Decision: HealthKit owns samples + the canonical HKWorkout; SwiftData owns metadata linked by UUID.

Consequences: Two systems to keep in sync. Deletion is one-way (we delete from SwiftData; Apple Health requires the user to delete there). Trade is necessary: HealthKit can’t hold our notes; SwiftData can’t replace Apple Health.

ADR-003: AsyncSequence wrapper over raw HealthKit observers

Status: Accepted.

Context: HealthKit observers + anchored queries are 200+ lines of boilerplate per sample type.

Decision: A single HealthQueryStream actor exposes new samples as AsyncThrowingStream.

Consequences: One place to fix HealthKit bugs. Easier to test (mock the stream). Slight performance overhead from the actor hop — negligible compared to HealthKit’s own query cost.

ADR-004: Watch app starts workouts; iPhone displays them

Status: Accepted.

Context: Either device can host a workout session. Splitting roles makes the UX coherent.

Decision: Watch is the workout-session controller (HR sensor lives there). iPhone shows the running workout via Live Activity and the history afterward.

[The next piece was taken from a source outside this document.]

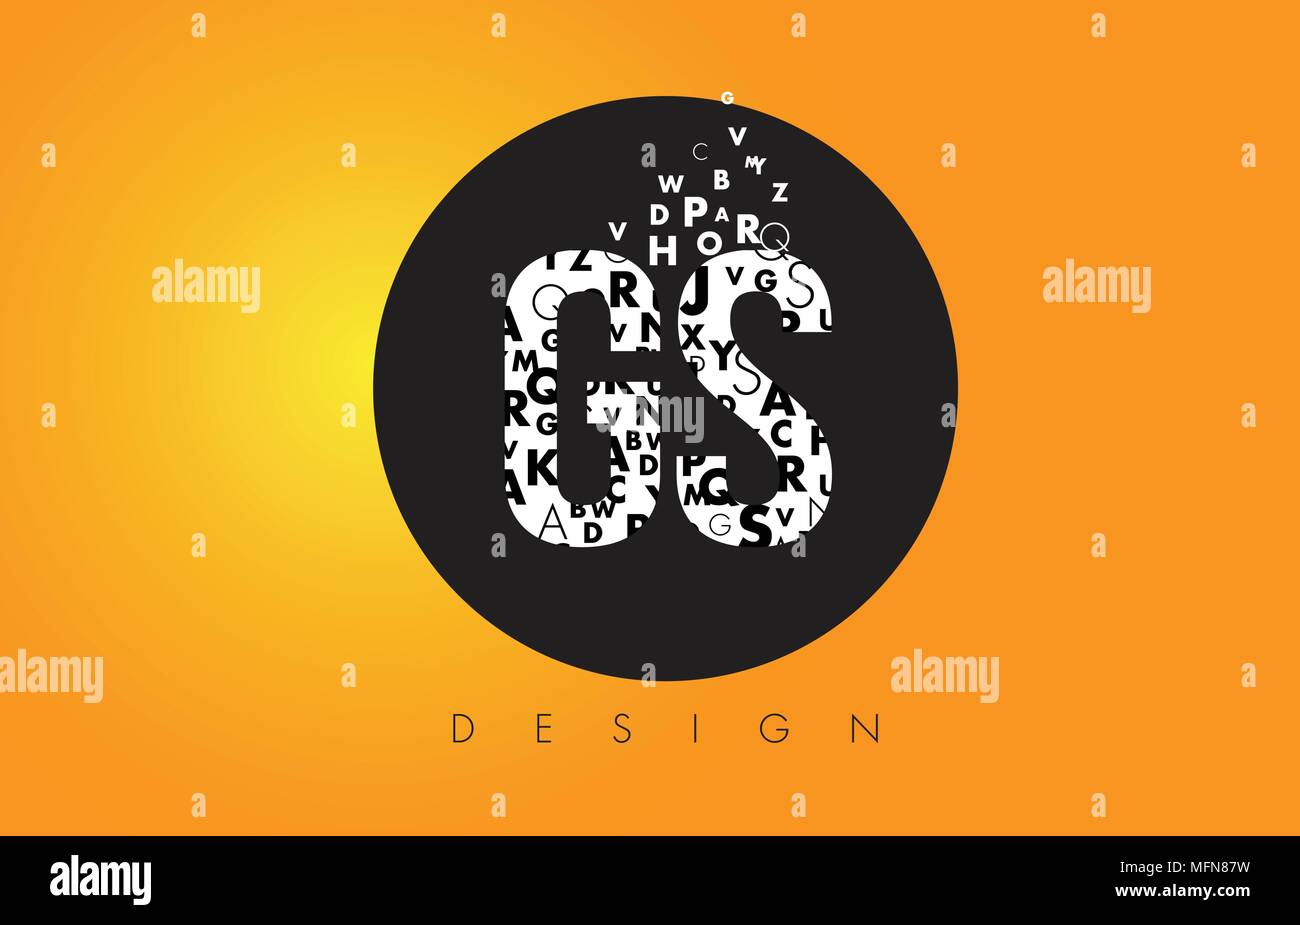 GS G S Logo Design Made of Small Letters with Black Circle and Yellow Background. Stock Vector

Consequences: User cannot start a workout from iPhone (they can only log one retroactively, which is different). Acceptable, matches Apple’s own design.

Threading model

  • All SwiftUI views on @MainActor.
  • HealthQueryStream is an actor.
  • SwiftData ModelContext is bound to the main actor; background imports use a separate ModelActor (Swift 5.9+).
  • Live Activity updates are throttled to once per 5 seconds on the iPhone side.

Error handling

  • HealthKit-denied: graceful fallback to manual entry; never crash.
  • CloudKit account unavailable: SwiftData operates locally; sync resumes when account returns. Non-modal status indicator.
  • Watch–iPhone connectivity lost: Watch session continues independently; sync on reconnect.